逆天命格:锦凰涅槃 迎风者 2563 2026-06-04 19:19:07

孟怀燕行刑那天,沈锦屏没有去刑场。她坐在书房里,面前摊着那本写满了目标的白纸。碧桃端了茶进来,小心翼翼地说外面都在传,刑场上人山人海,孟怀燕临刑前还在骂沈家。沈锦屏端起茶杯喝了一口,没有说话。她想起前世临死前听到的那句话——“不过是一介商贾之女。”那个声音很轻很低,像是从云端扔下来的石子。孟怀燕说过这句话,但不是第一个说的。第一个说这句话的人,至今还藏在暗处。

阿九是傍晚回来的。她从荣王府废墟里爬出来,浑身是灰,手里攥着一个油纸包,油纸包已经被她的汗浸透了。
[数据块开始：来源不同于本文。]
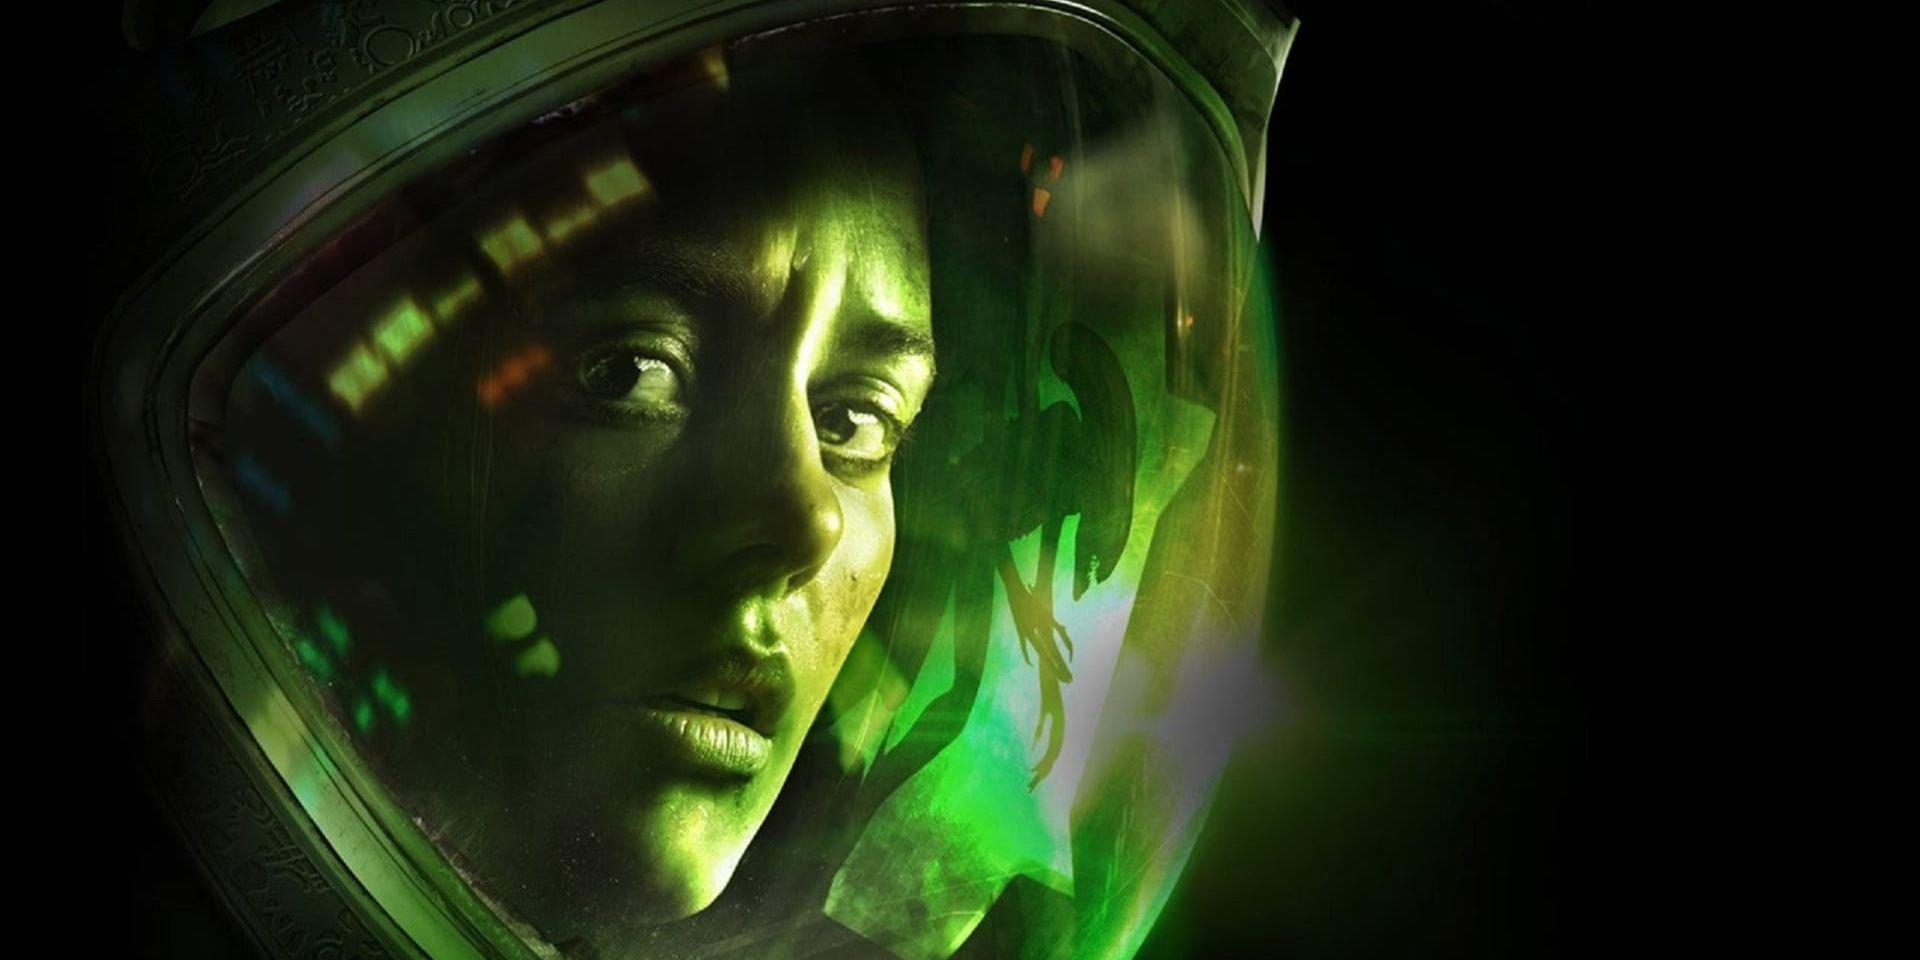 Årets spel 2014 – Alien Isolation – gratis nu på Epic store
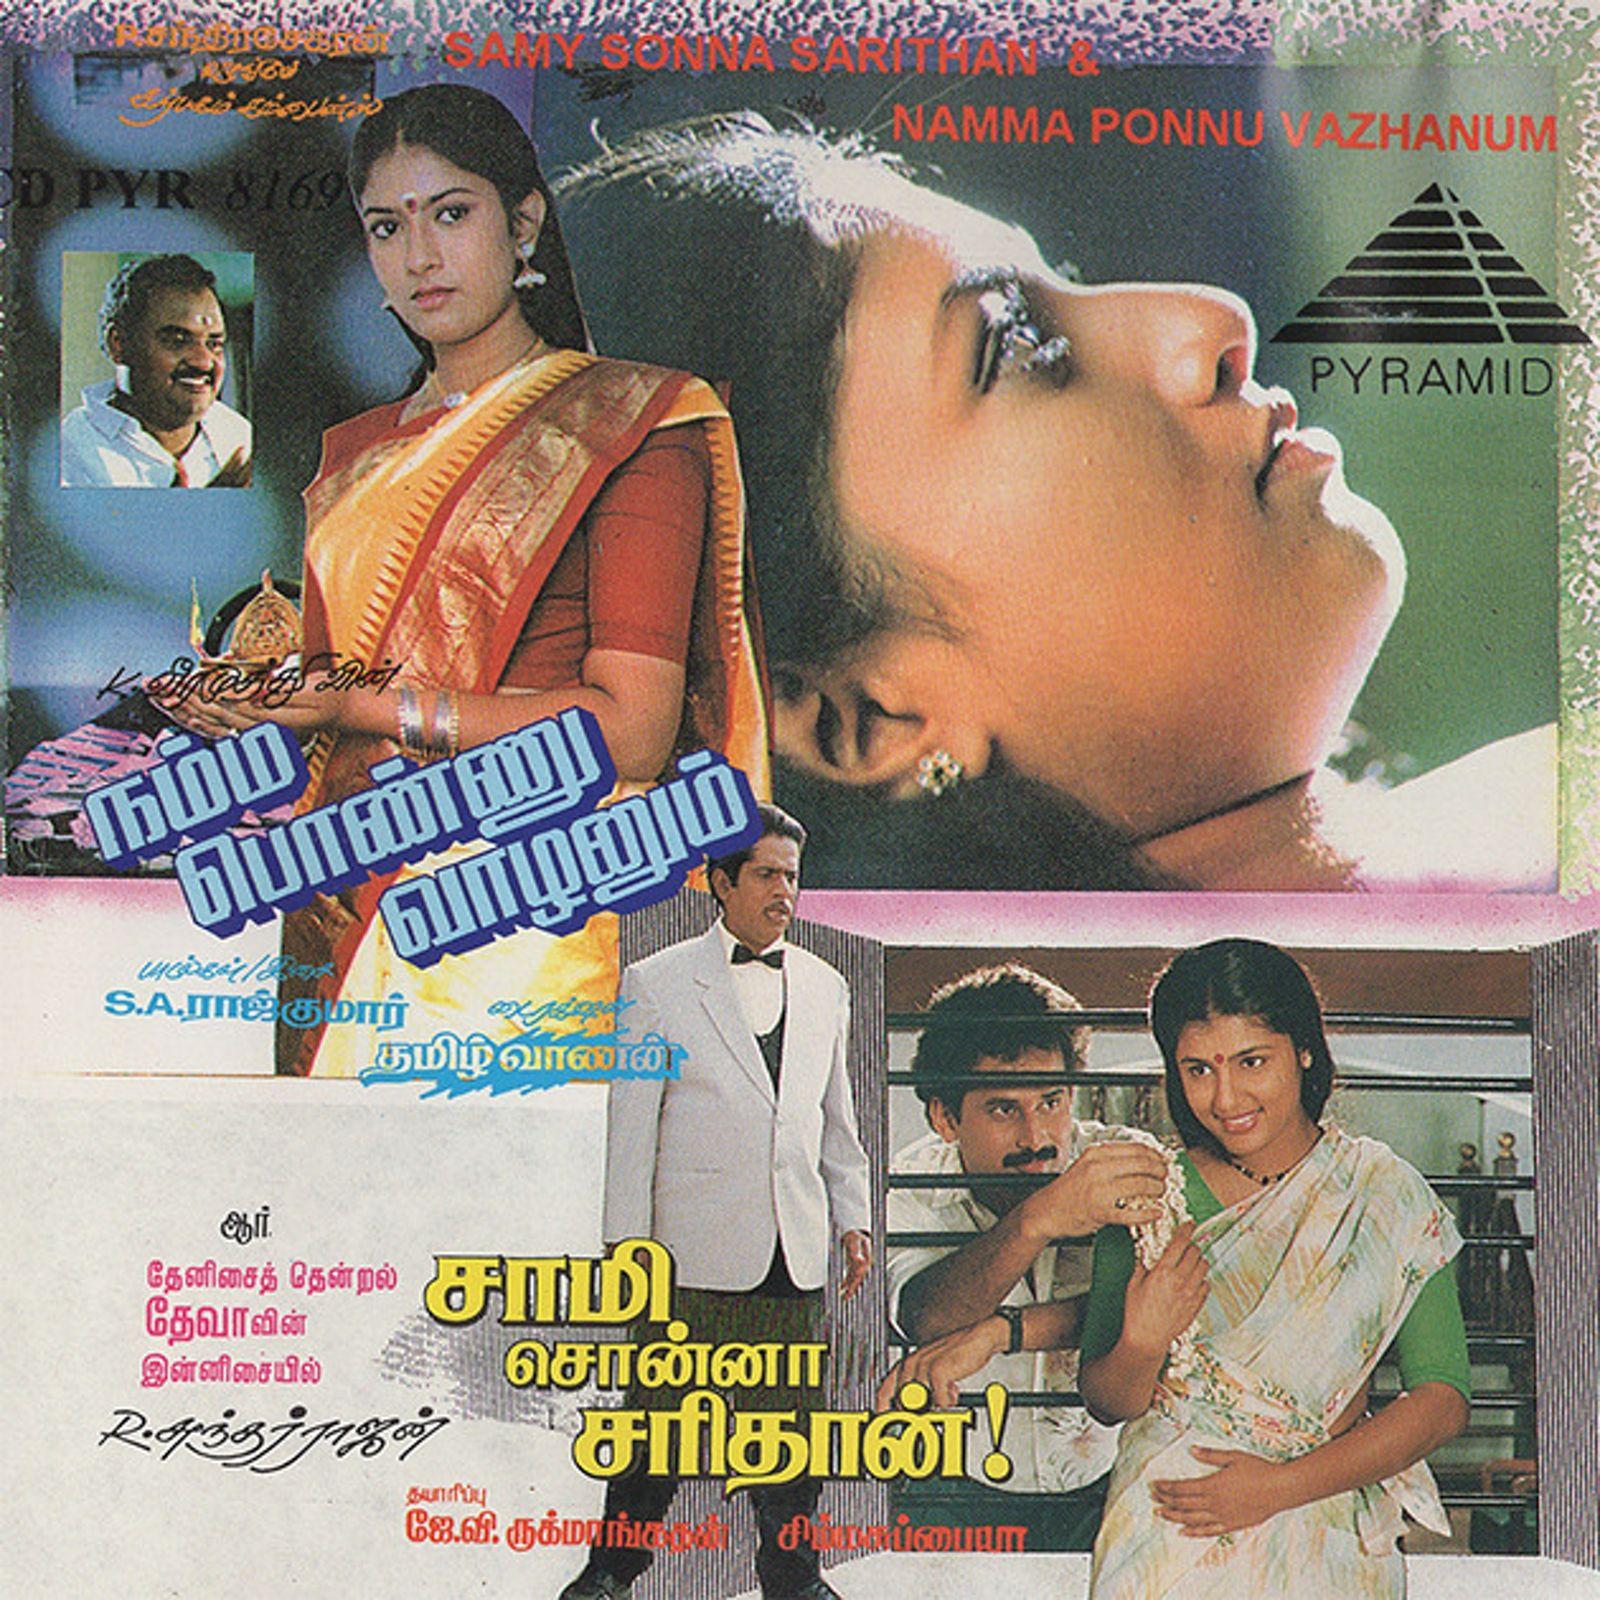 Saamy Sonna Sarithan Namma Ponnu Vazhanum In 2020 Desi Music 90s Songs 80s Songs

她把油纸包放在桌上,一层一层拆开,里面是一封烧了一半的信。信纸的边缘焦黑卷曲,但大部分内容还能看清——“沈家的事已经办妥,您答应给孟家的条件,何时兑现?”收信人的名字被烧掉了,只留下一个焦黑的窟窿。

沈锦屏拿起信纸对着烛火看了很久。“永昌号?”她轻声念出账本上反复出现的那个名字。碧桃点头,指着账本上密密麻麻的记录说孟家每年都有一笔巨款流向永昌号,有时候是五万两,有时候是八万两,最多的一年是十二万两。永昌号是京城最大的商号之一,但背后是谁在操控,一直是个谜。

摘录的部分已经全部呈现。